3. What is the posterior probability of having between 20 and 80% of black marbles in the bag?

In [6]:
sum_criterion <- 0

for (row in 1:nrow(configurations)) {
	black_percentage <- configurations[row, "black_percentage"]

	if (black_percentage <= 0.8 && black_percentage >= 0.2) {
		probability <- configurations[row, "probabilities"]

		sum_criterion <- sum_criterion + probability
	}
}

sum_criterion

"Probability that there are between 20 and 80 percent black marbles in the bag:"
sum_criterion / sum_all_probabilities

Thus the remaining probability is 88.19 for a percentage of black marbles between 20 and 80.

4. What fraction of black marbles does the 25% of the posterior probability correspond to?

This can be answered by starting to sum up the probabilities contributed by low black marbles percentage until we cross the 25 percent black marbles margin.

In [7]:
# We add a row that sums up the cumulative weight of the configurations
cumulative <- c()

cumulative <- append(cumulative, configurations[1, "probabilities"])

for (row in 2:nrow(configurations)) {
	summation <- configurations[row, "probabilities"] + cumulative[row - 1]
	cumulative <- append(cumulative, summation)
}

configurations <- cbind(configurations, cumulative)

configurations

Unnamed: 0_level_0,marbels,black,black_percentage,probabilities,cumulative
Unnamed: 0_level_1,<dbl>,<dbl>,<dbl>,<dbl>,<dbl>
1,1,0,0,0,0
3,2,0,0,0,0
6,3,0,0,0,0
10,4,0,0,0,0
15,5,0,0,0,0
21,6,0,0,0,0
28,7,0,0,0,0
36,8,0,0,0,0
45,9,0,0,0,0
55,10,0,0,0,0


In [8]:
# Finally we pick the percentage of black marbles at the point where the cumulative probability crosses the threshold
threshold <- 0.25 * sum_all_probabilities

for (row in 1:nrow(configurations)) {
	check <- configurations[row, "cumulative"]

	if (check >= threshold) {
		print(configurations[row, "black_percentage"])
		break()
	}
}

[1] 0.5422993


Thus we found that there is a 25 percent probability to have a black marbles percentage of 54 percent or less.

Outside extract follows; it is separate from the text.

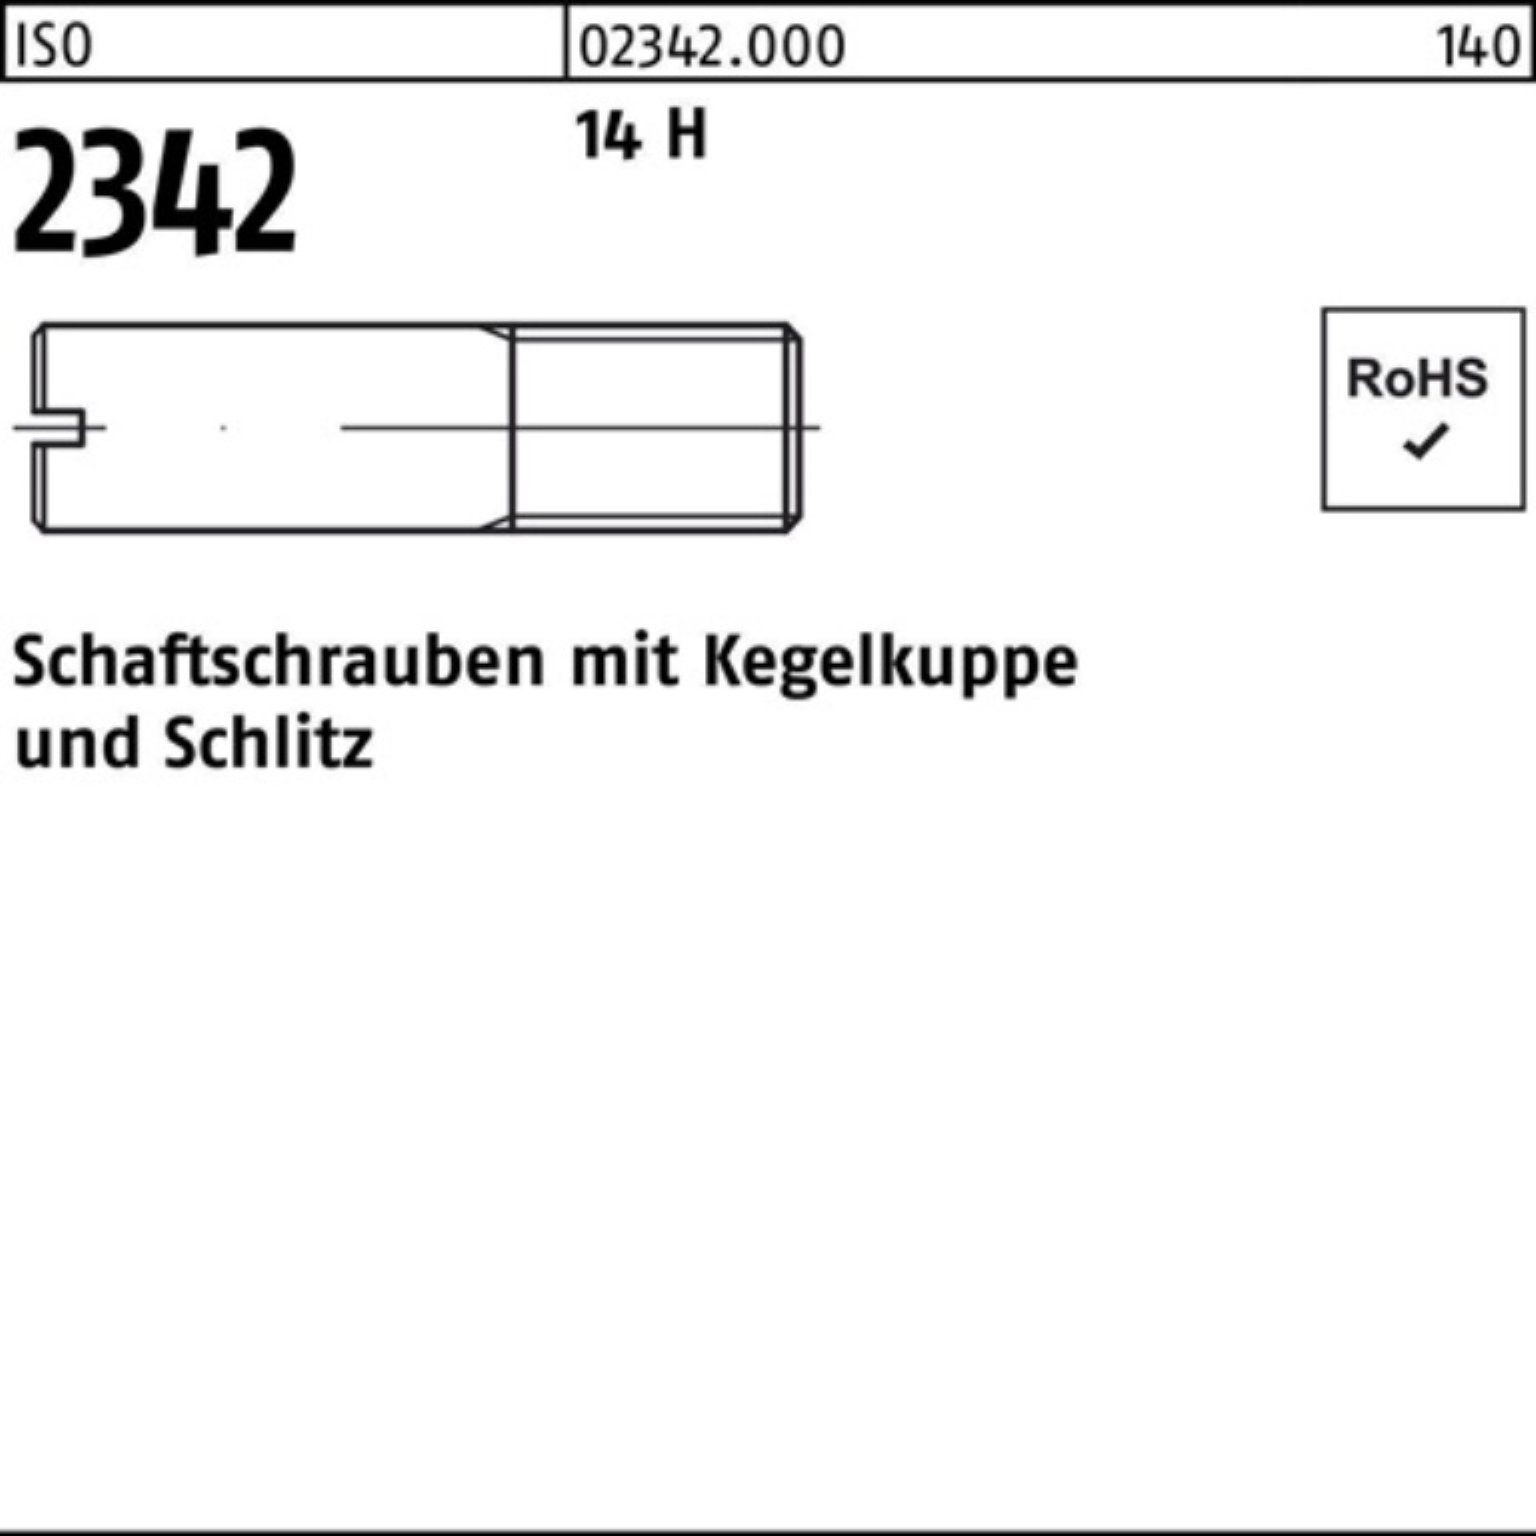 Reyher Schraube 100er Pack Schaftschraube ISO 2342 Kegelkuppe/Schlitz M6x 45 14 H 100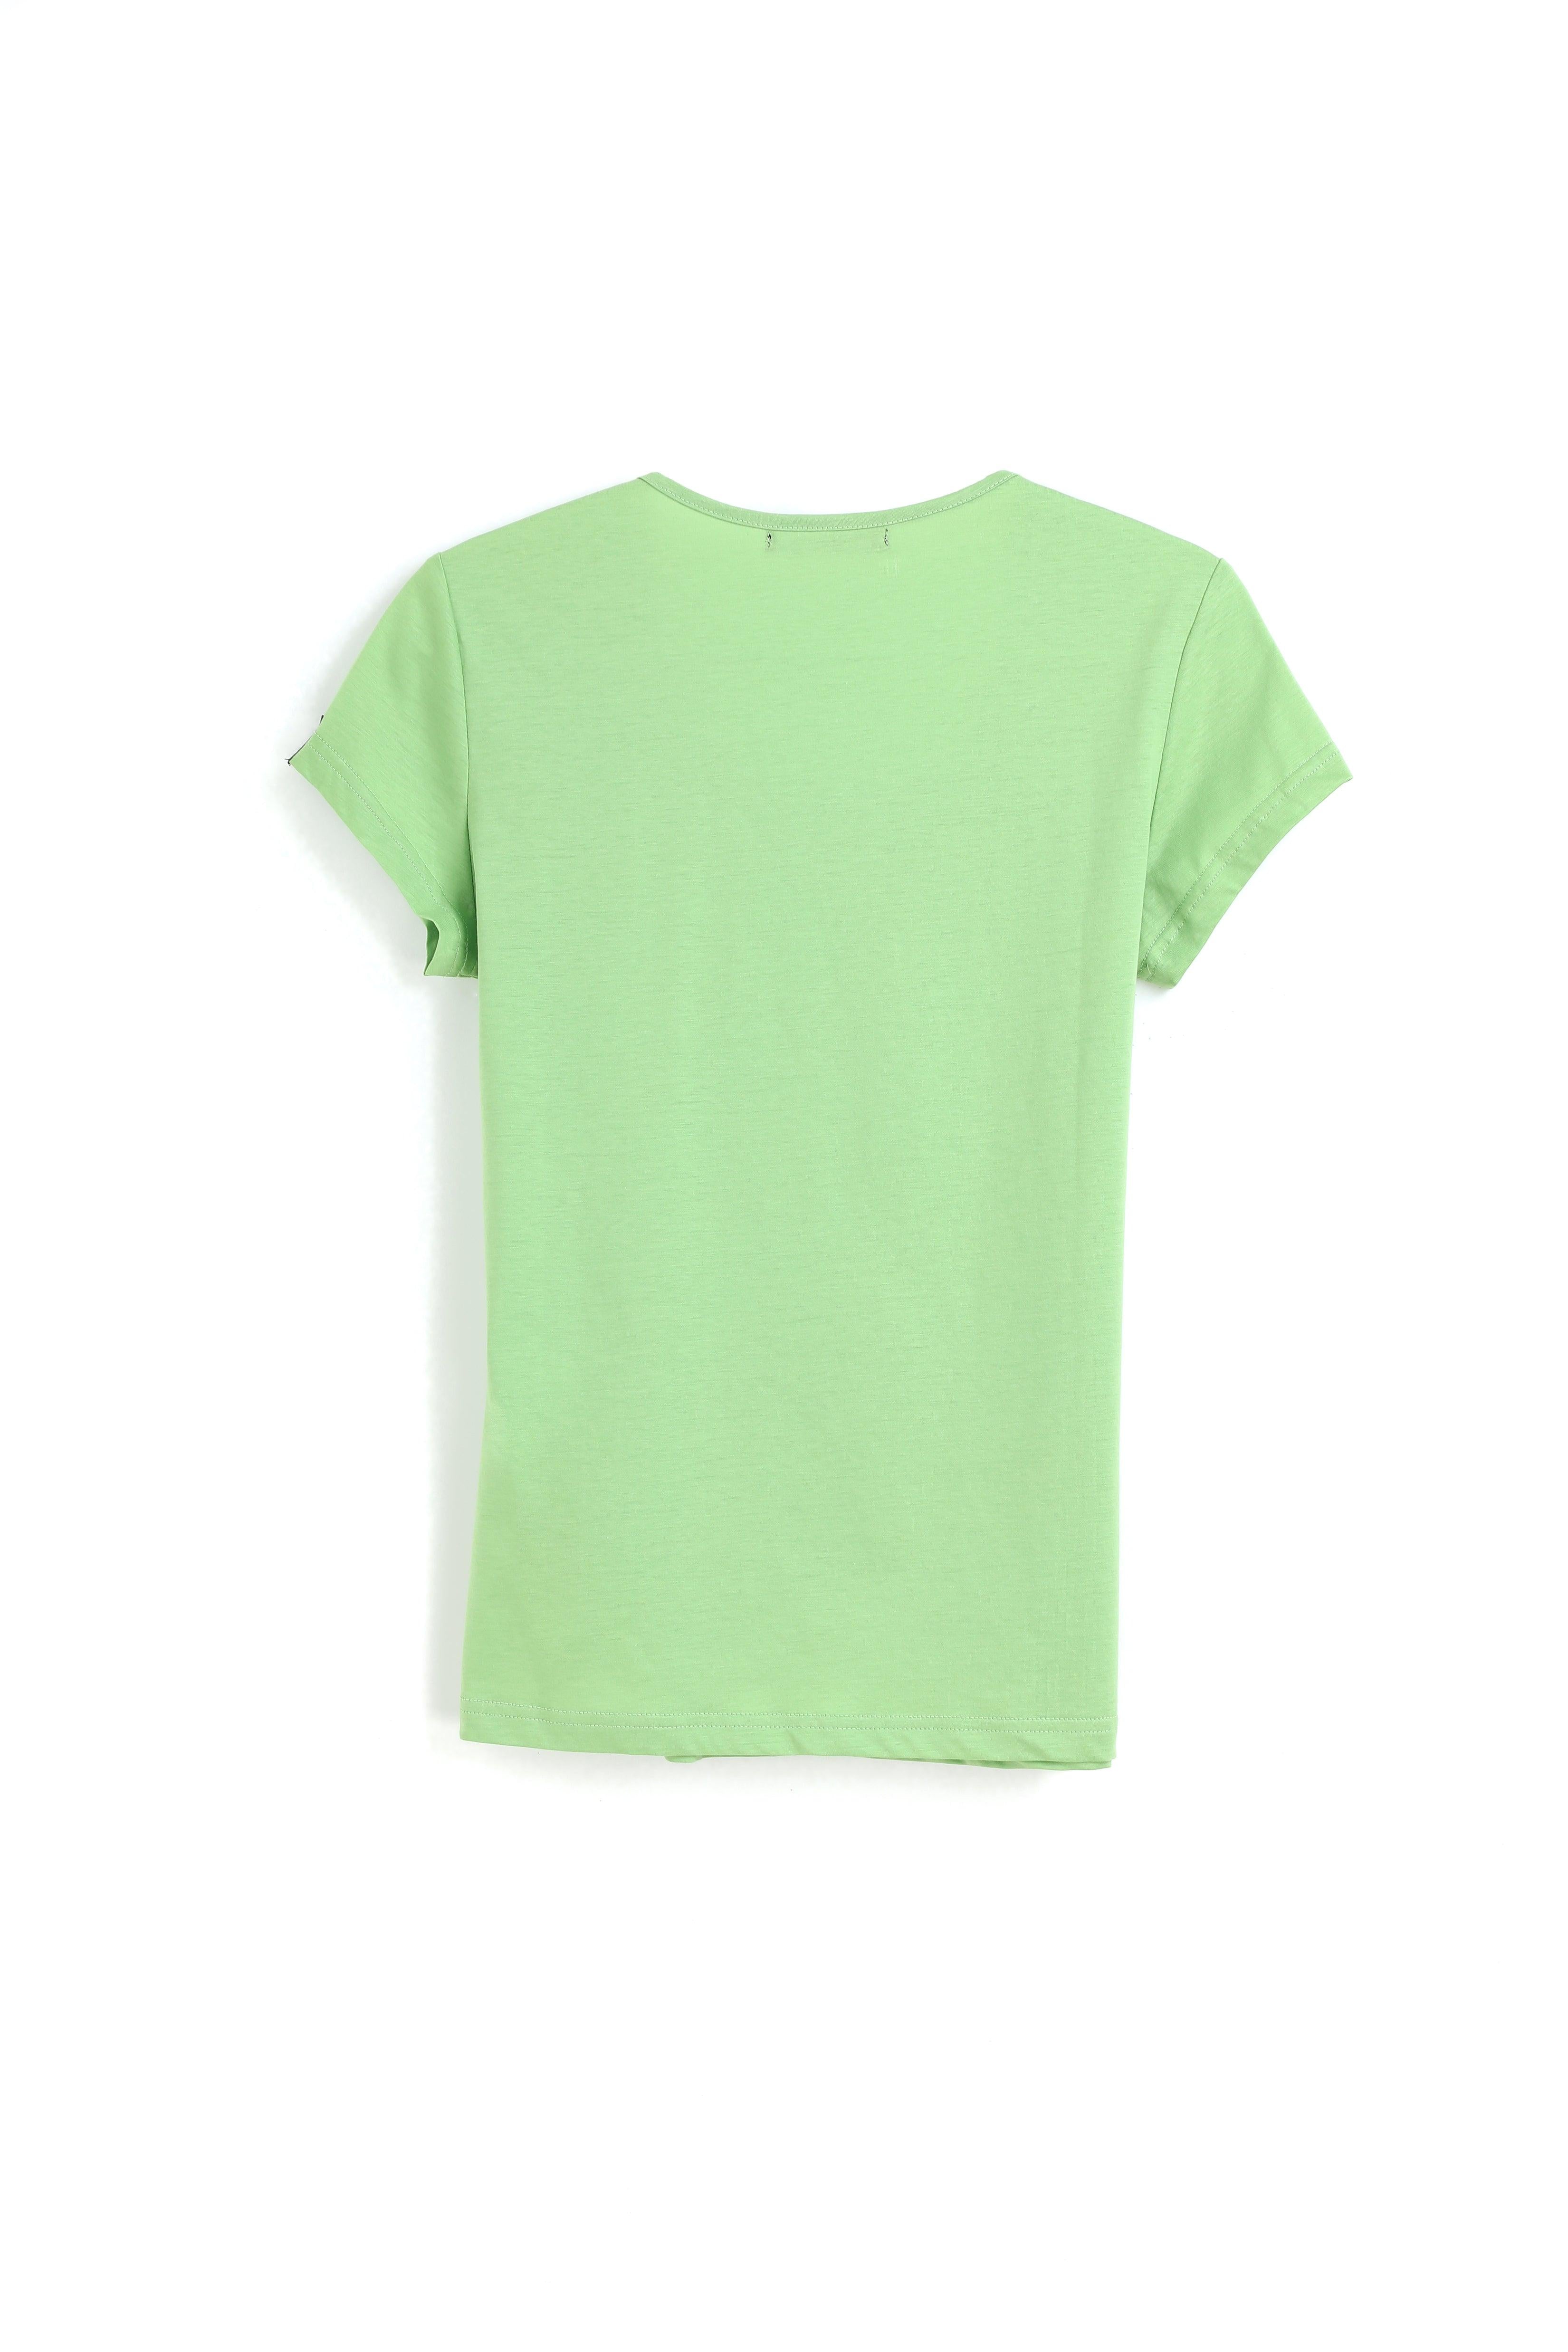 135G Ultra light Deep U Neck Mercerized Cotton Women T-shirt - Bellemere New York

We may confirm this result with the same computation done above.

In [9]:
sum_criterion <- 0

for (row in 1:nrow(configurations)) {
	black_percentage <- configurations[row, "black_percentage"]

	if (black_percentage <= 0.542) {
		probability <- configurations[row, "probabilities"]

		sum_criterion <- sum_criterion + probability
	}
}

sum_criterion

"Probability that there are less than twenty percent black marbles in the bag:"
sum_criterion / sum_all_probabilities

5. What fraction of black marbles does the 75% of the posterior probability correspond to?

In [10]:
threshold <- 0.75 * sum_all_probabilities

for (row in 1:nrow(configurations)) {
	check <- configurations[row, "cumulative"]

	if (check >= threshold) {
		print(configurations[row, "black_percentage"])
		break()
	}
}

[1] 0.7391304


Finally we see that there is a 75 percent probability that we have 74 percent or less black marbles.